DESCRIPTION OF THE TASK
The answer should hold every line of the listing, unchanged and free of images.

RAW DATA
________________

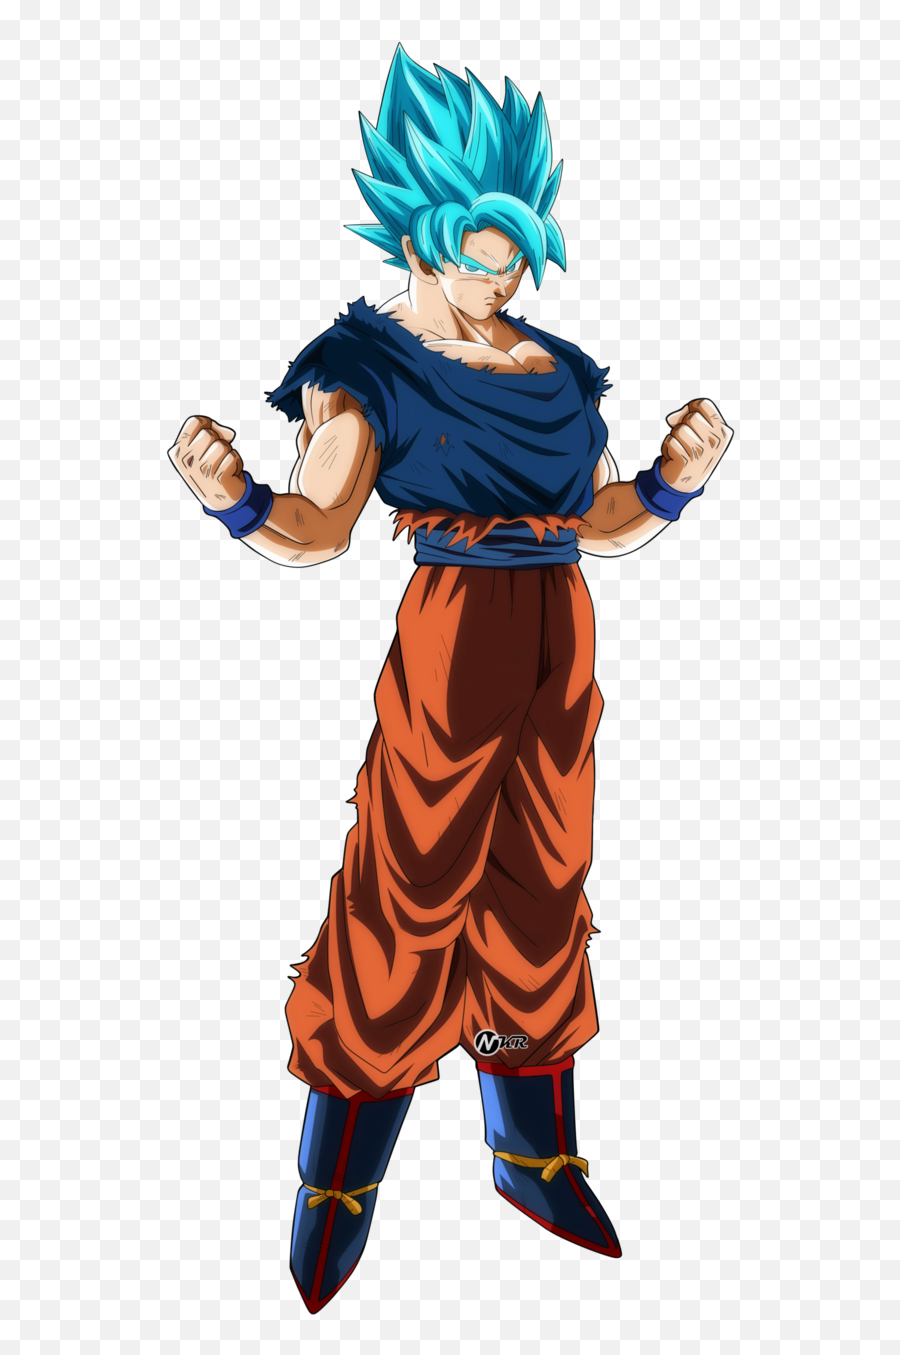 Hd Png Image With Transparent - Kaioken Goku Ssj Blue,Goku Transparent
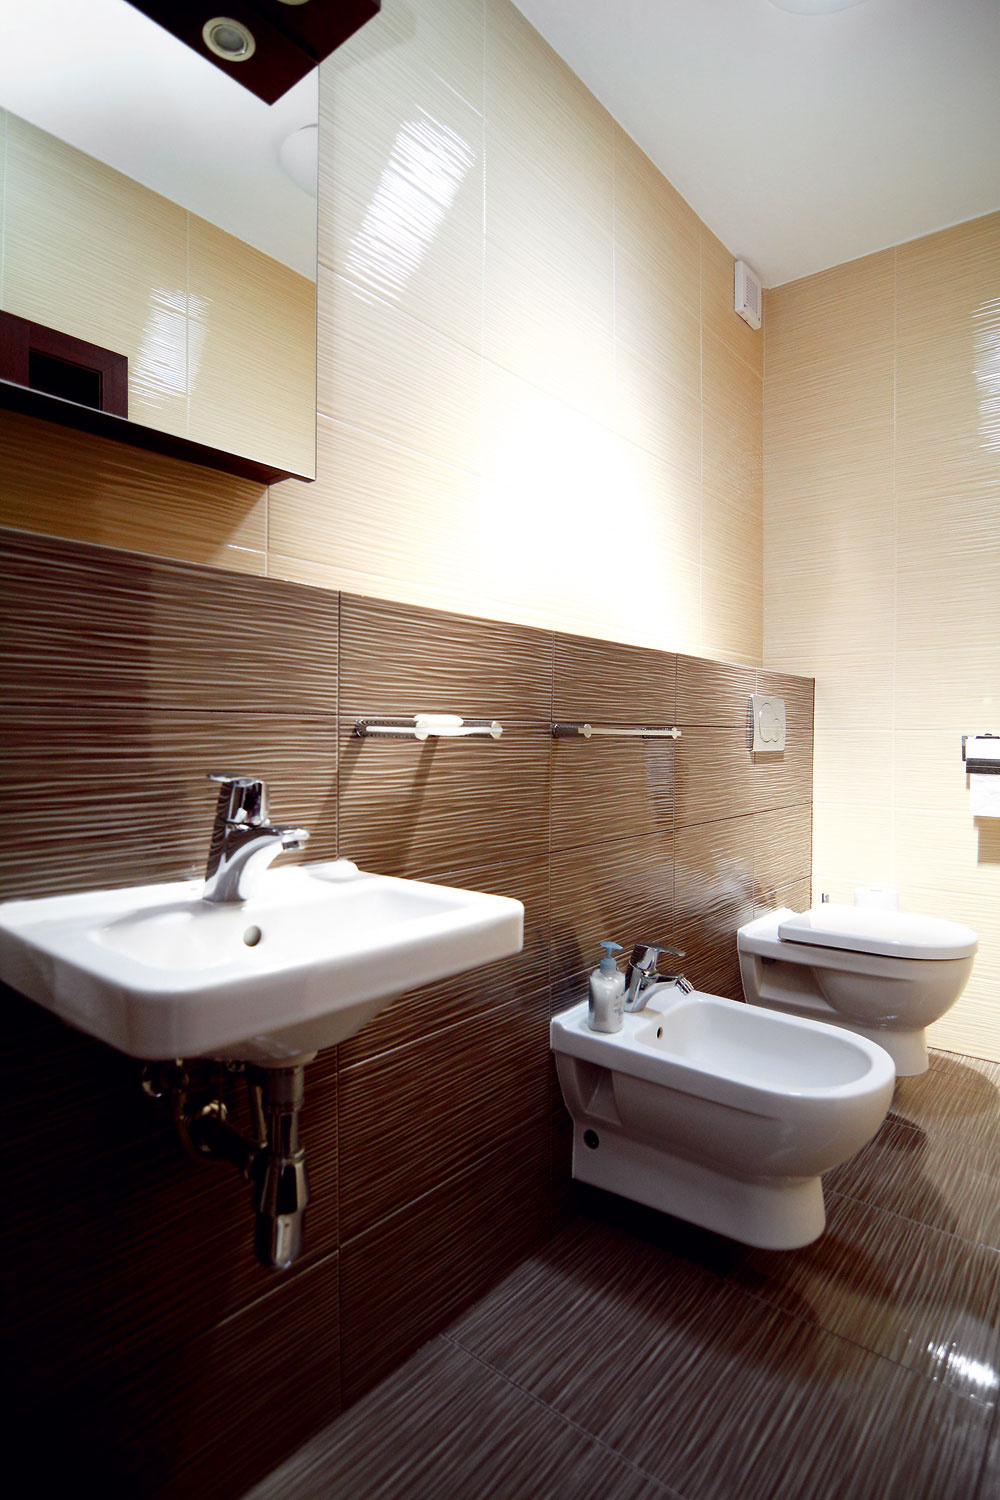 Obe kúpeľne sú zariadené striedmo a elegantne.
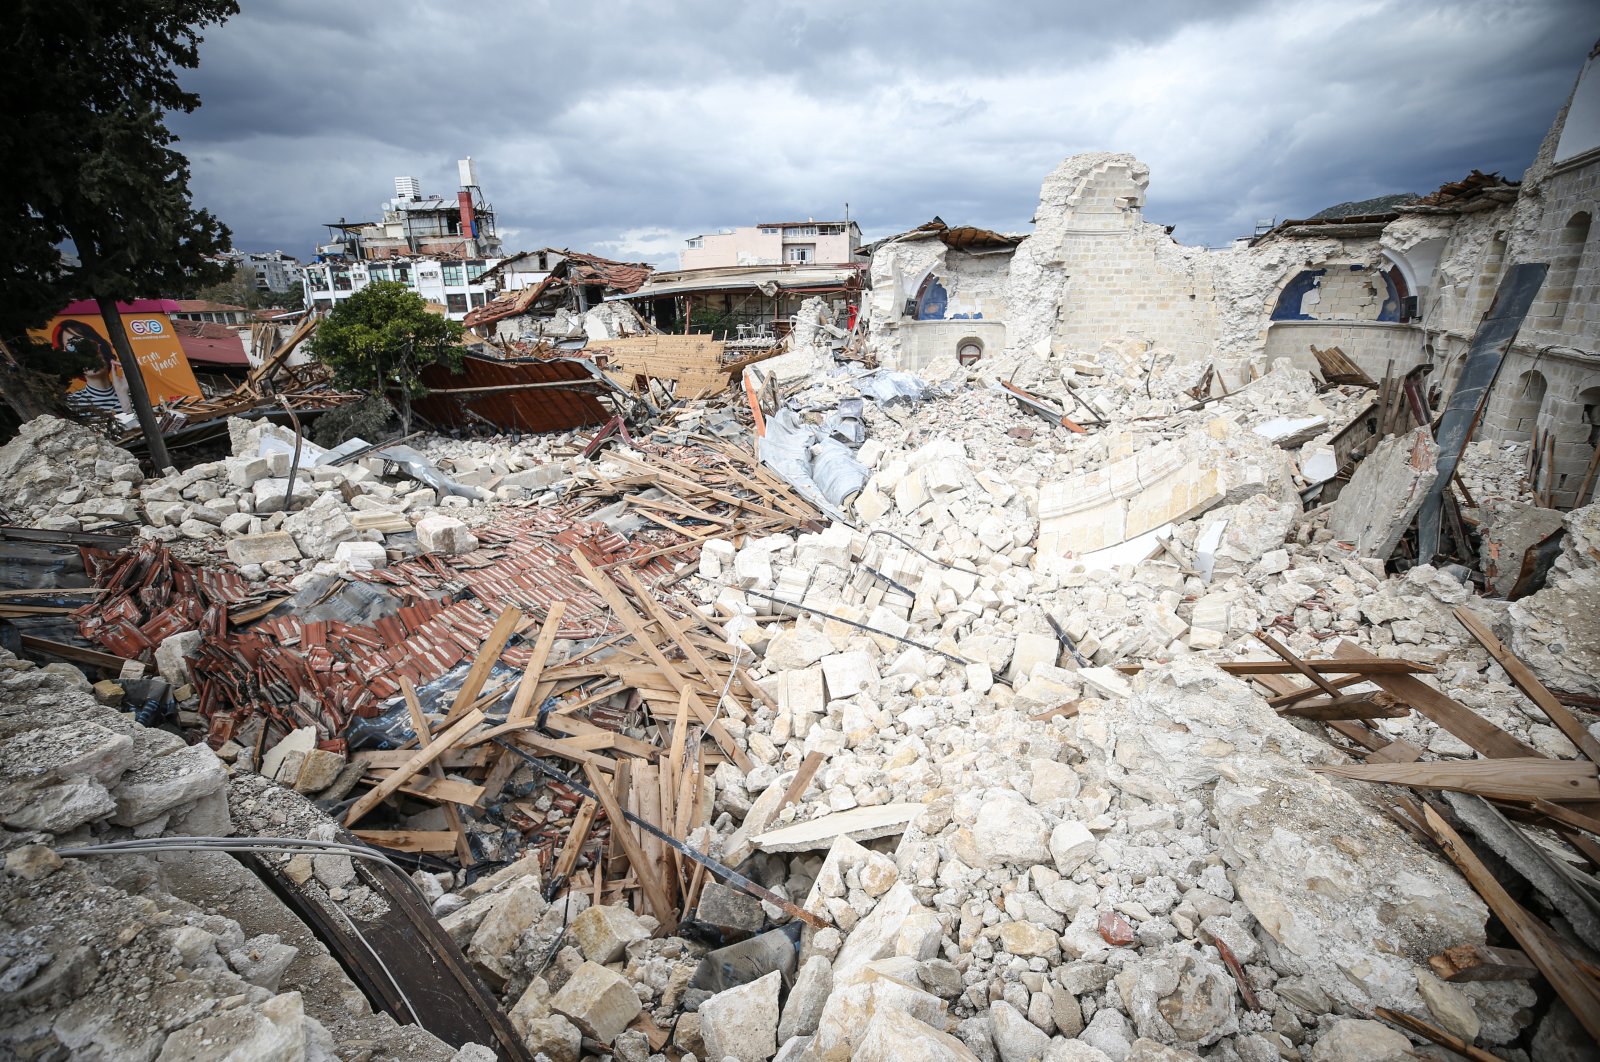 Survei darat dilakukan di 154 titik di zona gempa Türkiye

________________

EXERCISE RESULT
 Hd Png Image With Transparent - Kaioken Goku Ssj Blue,Goku Transparent
 Obe kúpeľne sú zariadené striedmo a elegantne.
 Survei darat dilakukan di 154 titik di zona gempa Türkiye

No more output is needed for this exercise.